La maison de luxe Louis Vuitton a dévoilé sa nouvelle collection, la semaine dernière, lors d'un défilé virtuel à Paris. Et parmi les accessoires, un sac a retenu l'attention d'internautes. Une création qui fait penser au tissu madras.
La célèbre marque de luxe Louis Vuitton a présenté sa nouvelle collection masculine, le 21 janvier dernier, dans le cadre de la Fashion week virtuelle à Paris. Un défilé clairement engagé. Des modèles dessinés par le directeur artistique, Virgil Abloh, qui a souhaité envoyer un message anti-raciste et anti-homophobe. Et parmi les accessoires, un sac fait d'un tissu que nous connaissons bien chez nous... Flanqué du logo LV...
Un sac qui fait débat
Un mannequin défilant avec un sac en tissu ressemblant au madras... Cela a été la surprise pour quelques internautes, qui oscillent entre fierté et interrogation.
Moi je trouve ça extraordinaire que vous vous indigner devant Virgil Abloh qui utilise le Madras, alors que vous mêmes vous passez votre temps à résumer le madras à nappe de Tatie.

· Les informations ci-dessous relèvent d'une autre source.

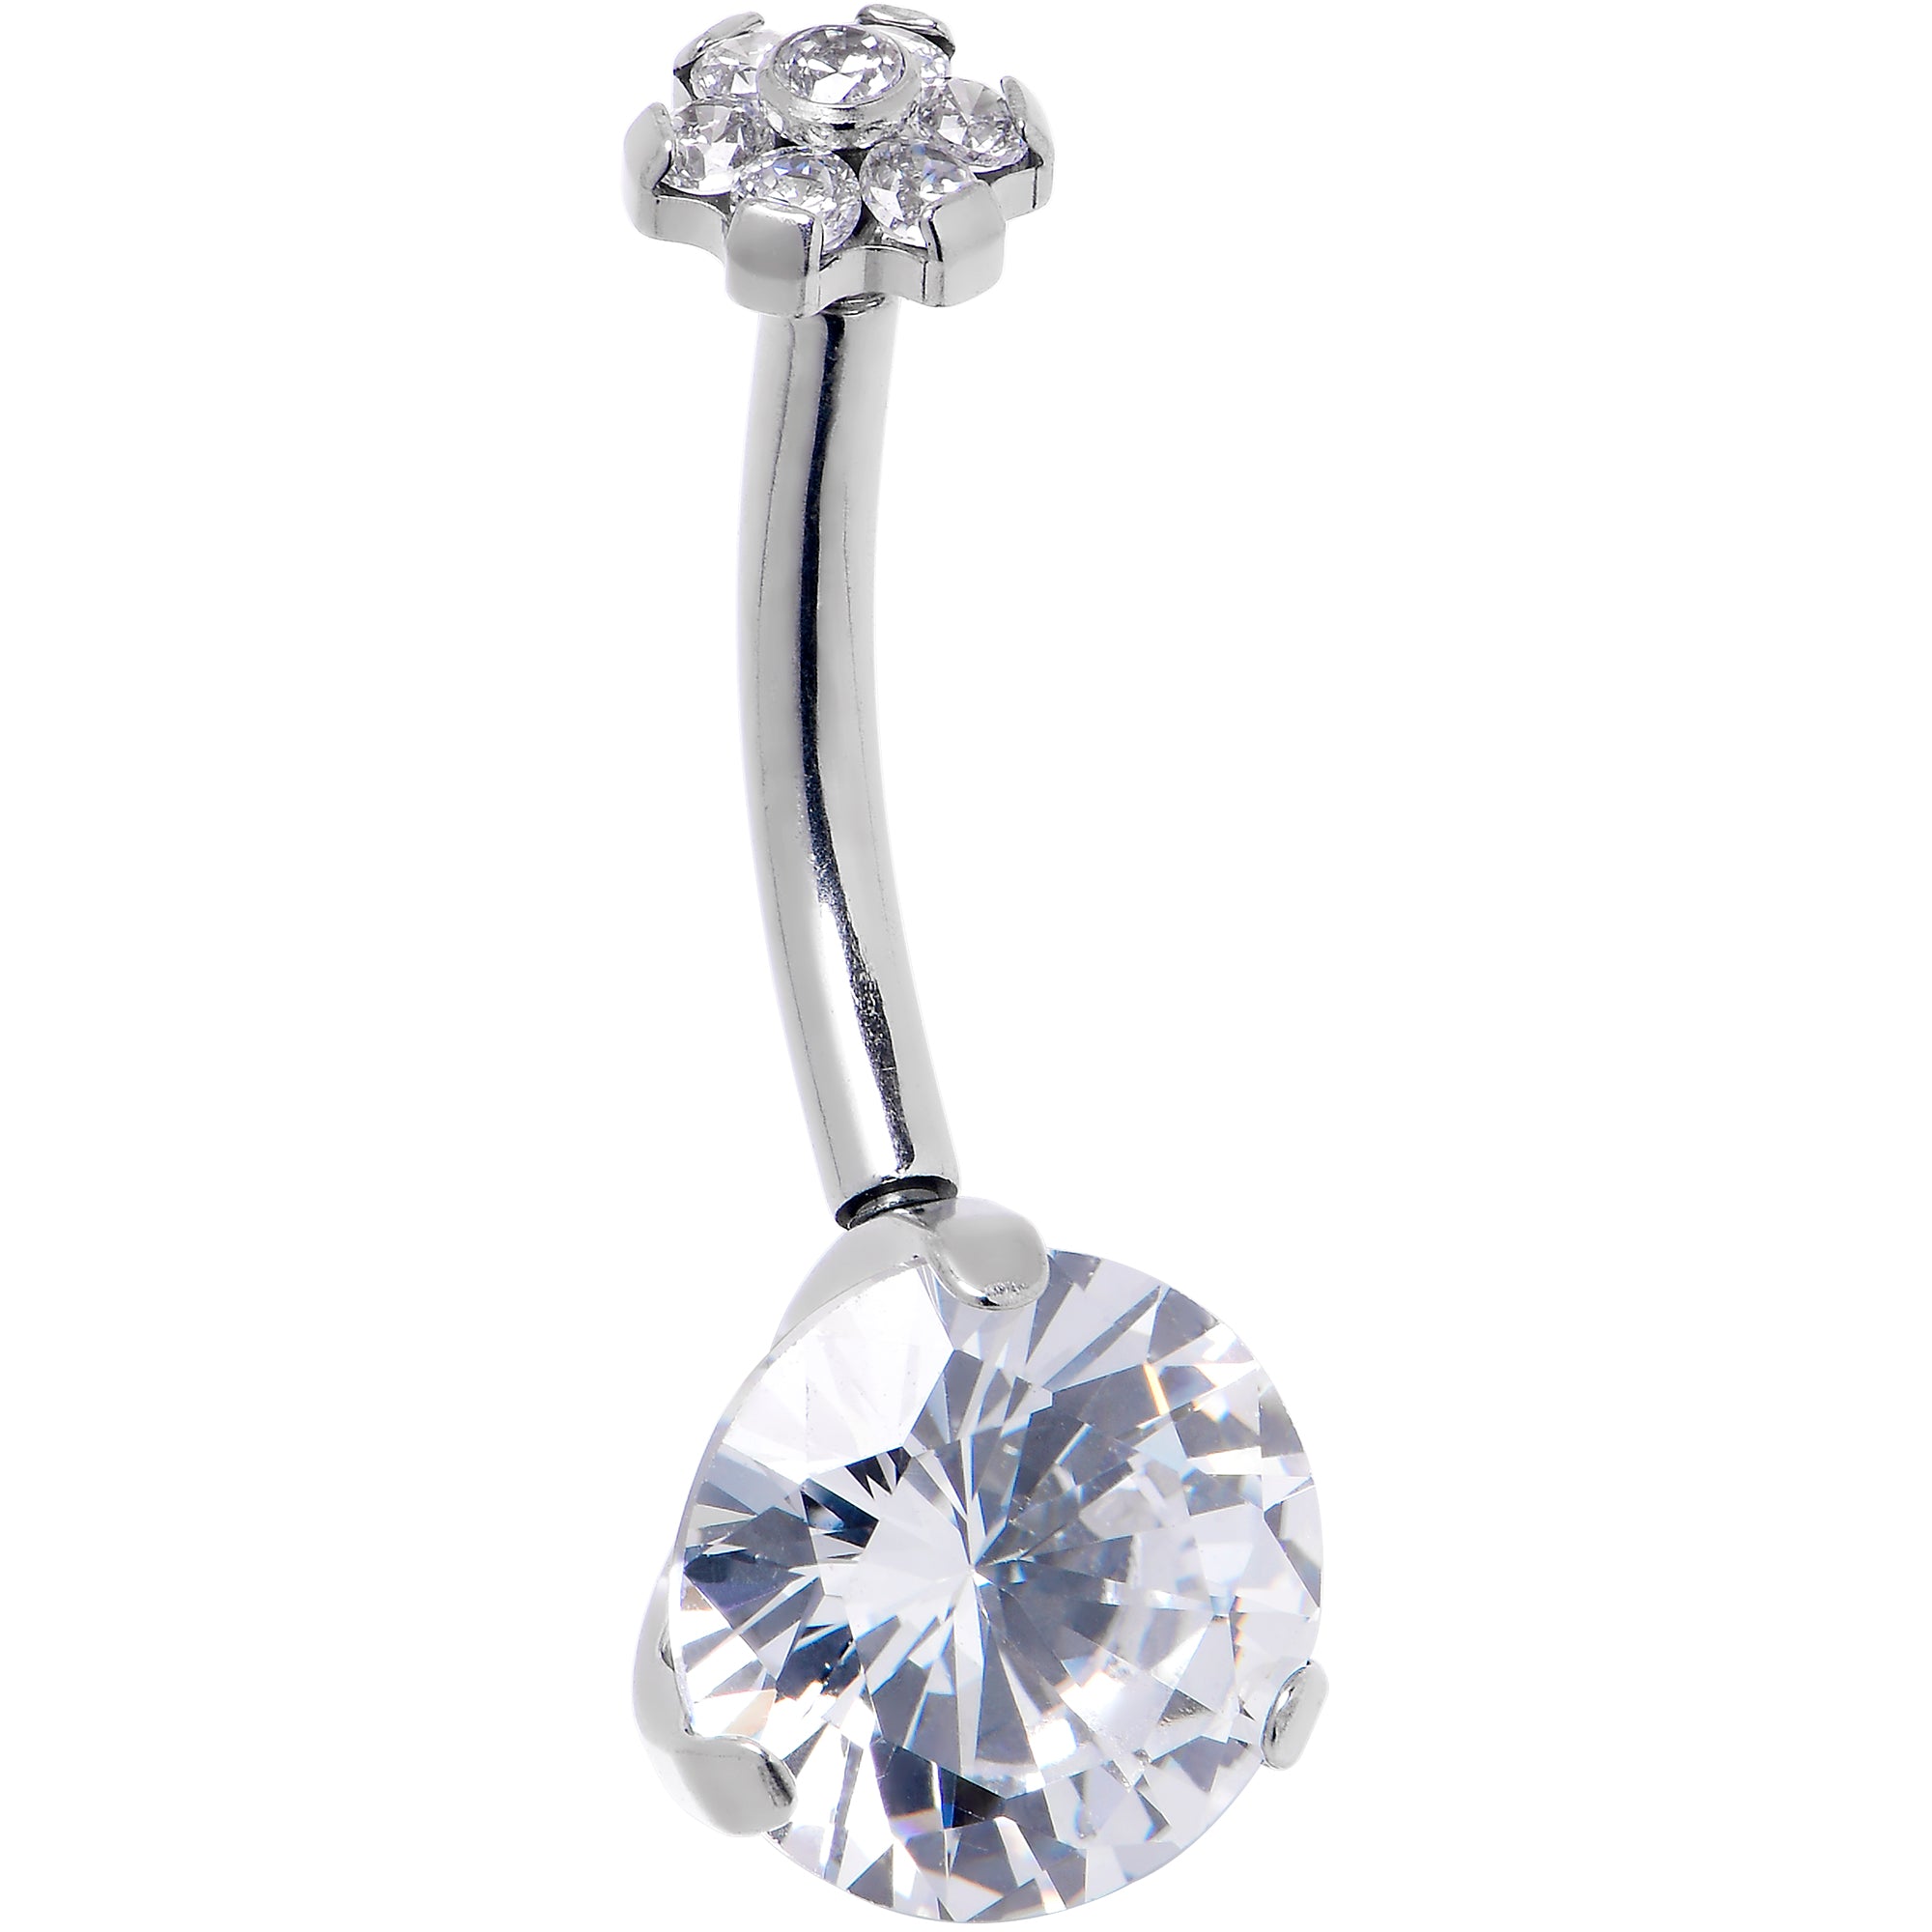 Clear CZ Gem ASTM F-136 Implant Grade Titanium Threadless Double Mount Belly Ring

— 𝙇'𝘼𝙢𝙞 𝙙𝙪 𝙈𝙤𝙣𝙙𝙚 𝙀𝙣𝙩𝙞𝙚𝙧 (@weeirdoboii) January 24, 2021
Soyez fiers qu'on utilise notre Madras. On inspire la mode https://t.co/UDenAZnFLV
Donc on a toujours été à la mode...... https://t.co/h5xRdBX9Gz
— baby boss 🌈 (@Bilkys8) January 25, 2021
Le dames du marché = des fashionista avant-gardistes https://t.co/pebOkFw7HK
— 𝓘𝓷𝓮𝓼 🌺 𝓸𝓯 𝓖𝓾𝓪𝓭𝓮𝓵𝓸𝓾𝓹𝓮 (@Iinessse) January 24, 2021
louis vuitton a fait un sac couleur madras, dites leur que l’idée vient de chez nous avant que les occidentaux ne se l’approprie
— glo (@Nicolvs22) January 24, 2021
D'autres ont crié à l'appropriation culturelle, c'est-à-dire "l'emprunt" ou l'utilisation d'éléments d'une culture par les membres d'une autre culture, dans un contexte d'exploitation et de domination.

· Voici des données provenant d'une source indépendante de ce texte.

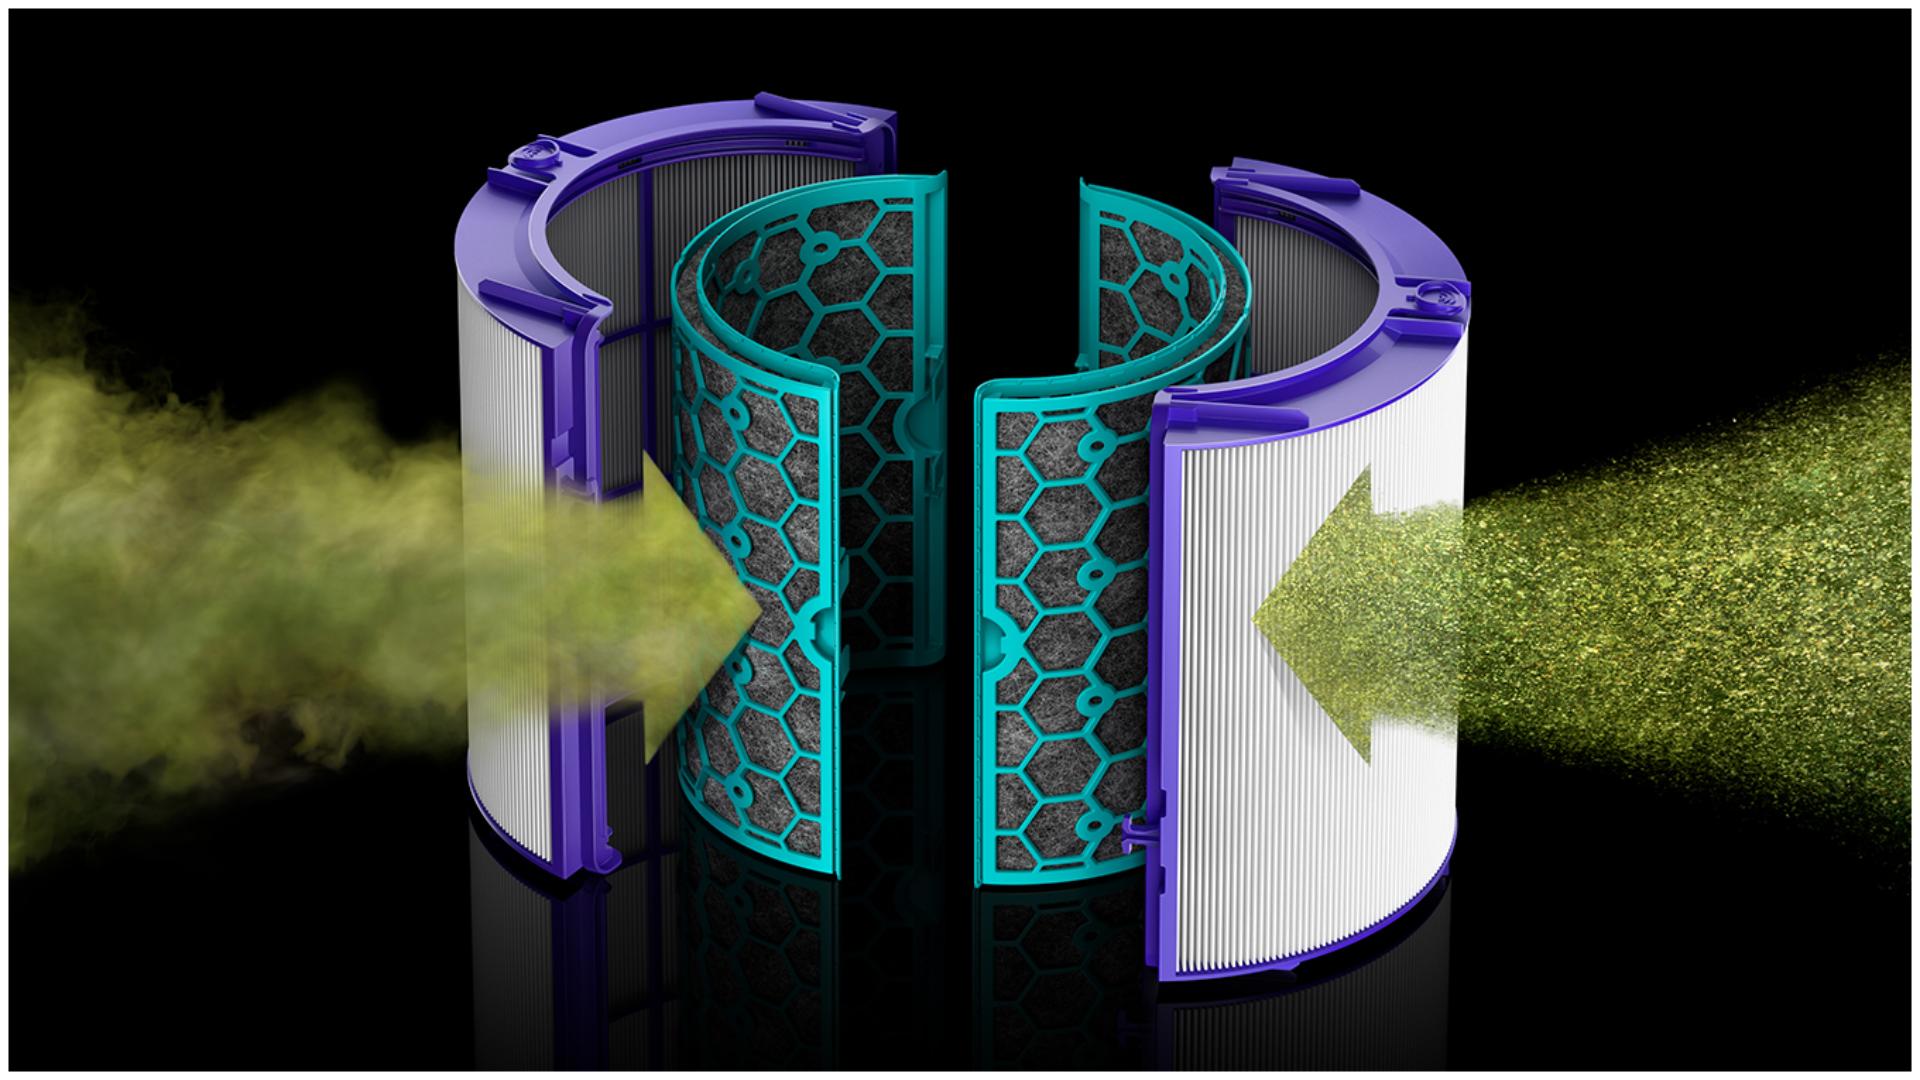 Exploded view of Dyson HEPA filter with pollutants entering

Un tissu traditionnel guadeloupéen qui vient d'Inde
Si le tissu madras est une étoffe traditionnelle de la Guadeloupe, ou de la Martinique, il vient d'Inde. Il a été créé dans une ville proche de Madras (nom donné lors de l'occupation britannique), aujourd'hui appelée Chennai.

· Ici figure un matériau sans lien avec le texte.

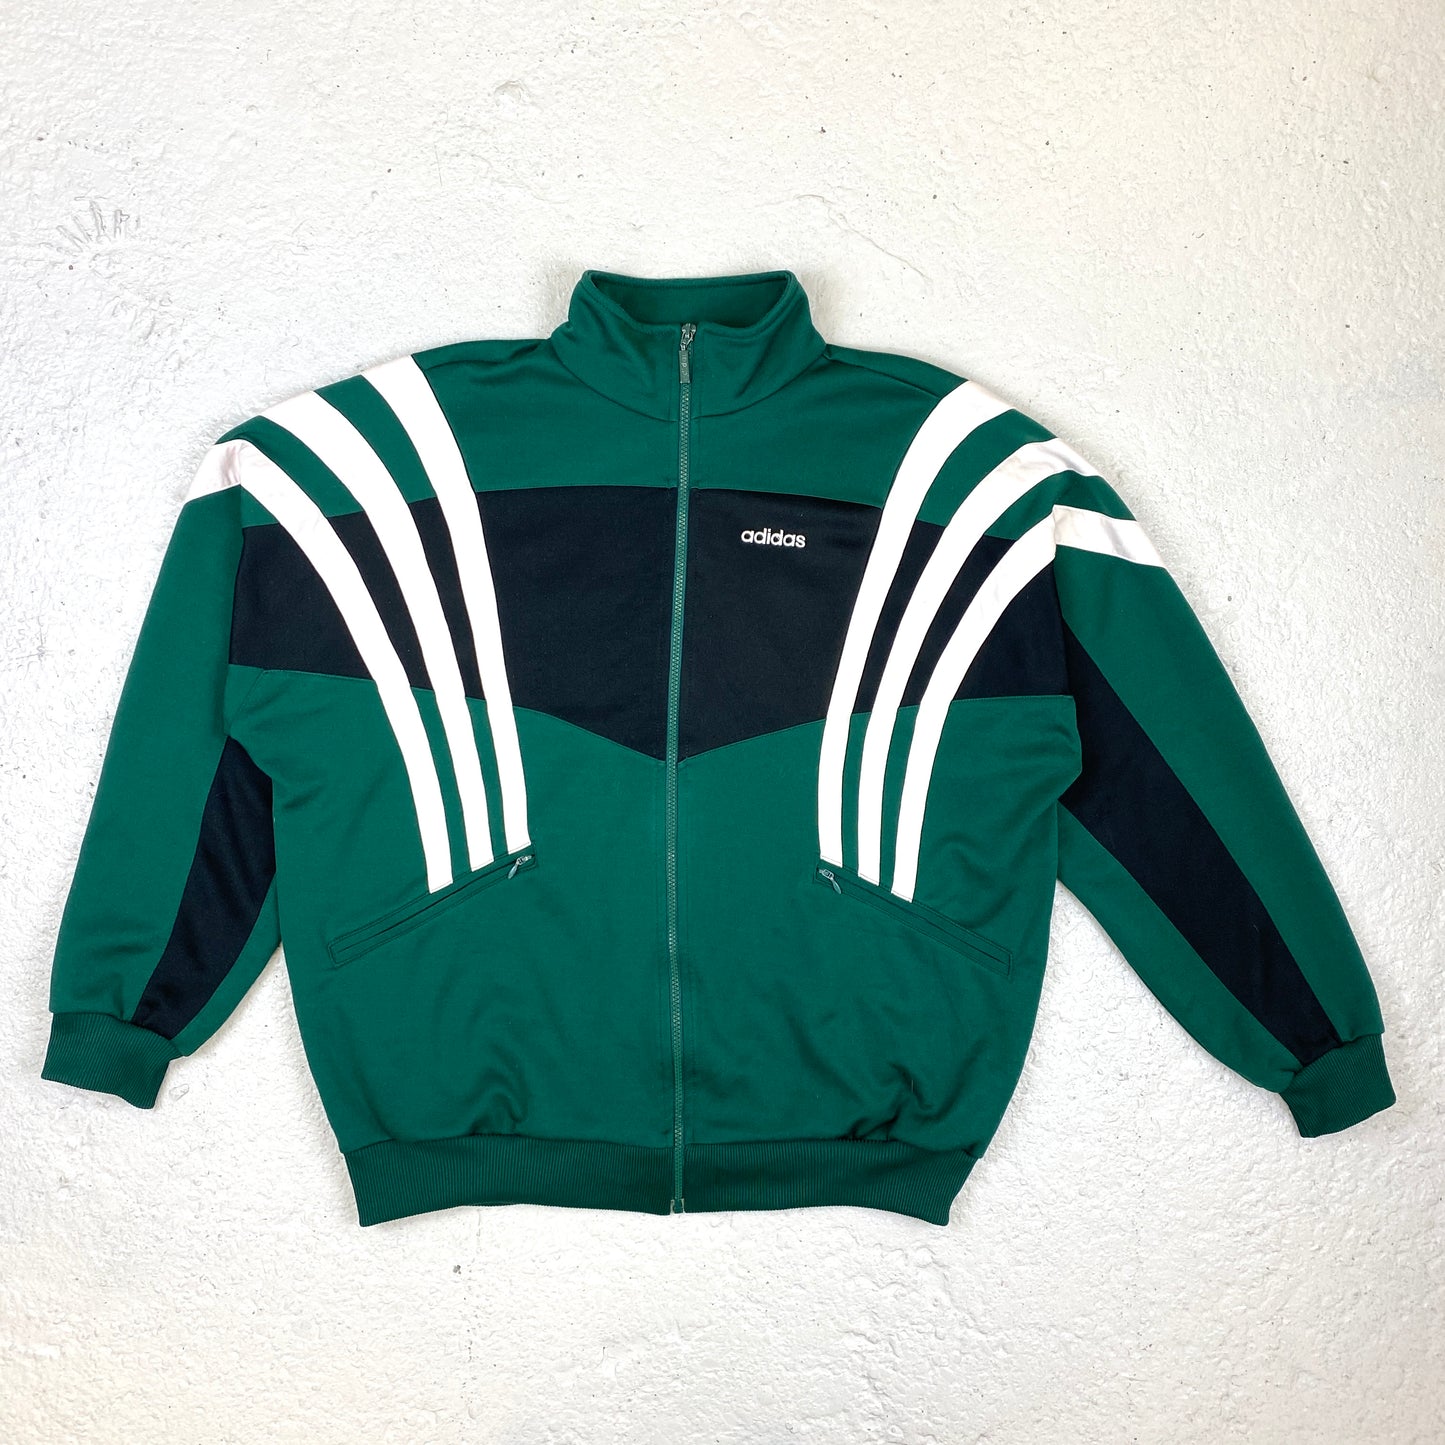 Adidas RARE embroidered zip sweater (L-XL)

Jaune, vert, rouge ou bleu, on en trouve de différentes couleurs. Selon Judes Sahaï, spécialiste de l'Inde, contrairement à la croyance populaire, le madras n'a pas été introduit aux Antilles par les Indiens, mais plutôt par les "premiers colons". La France, puissance coloniale est présente en Inde, au XVIIe siècle, sous couvert de relations commerciales, avec notamment la Compagnie française des Indes orientales. Le madras apparaît donc aux Antilles au XVIIIe siècle.
Et à l'arrivée des premiers Indiens en Guadeloupe, en 1854, eux aussi ont transporté du tissu vers nos îles, mais il en existait déjà.
Par la suite, le madras devient une part des costumes traditionnels des Antilles.
Sauf qu'ici sur ce sac, Judes Sahaï n'y voit pas forcément du madras, mais plutôt une inspiration du madras. "Les couleurs nous rappellent le tissu que nous connaissons" explique t-il.
Alors madras ou pas, la question alimente de nombreuses discussions. Du côté de la marque de luxe, on parle plutôt de tartan, tissu écossais. Le madras, en fait, s'inspire du tartan.
Une collection engagée
Le créateur américain Virgil Abloh a voulu, dans cette collection, s'interroger sur comment les stéréotypes et les uniformes liés aux professions et aux modes de vie façonnent la personnalité, s’efforçant de changer ces idées préconçues. "La mode est un outil de la mise en forme de ces identités (…). De façon inconsciente, nous faisons confiance à une silhouette en costume et nous nous méfions en voyant le contour d’un sweatshirt à capuche", a t-il écrit dans les notes qui accompagnaient la collection.
"Un homme d'affaires est-il toujours blanc ? Un basketteur est-il toujours noir ? Sont-ils toujours des hommes hétérosexuels ?", s'interroge-t-il.
Le créateur américain d'origine ghanéenne utilise dans cette collection le kente, textile ghanéen fait de bandes de tissu tissées à la main de soie et de coton, rendu en tartan. "Est-ce que ça rend le kente moins ghanéen et le tartan moins écossais ? La provenance est la réalité, tandis que la propriété est un mythe", assure-t-il.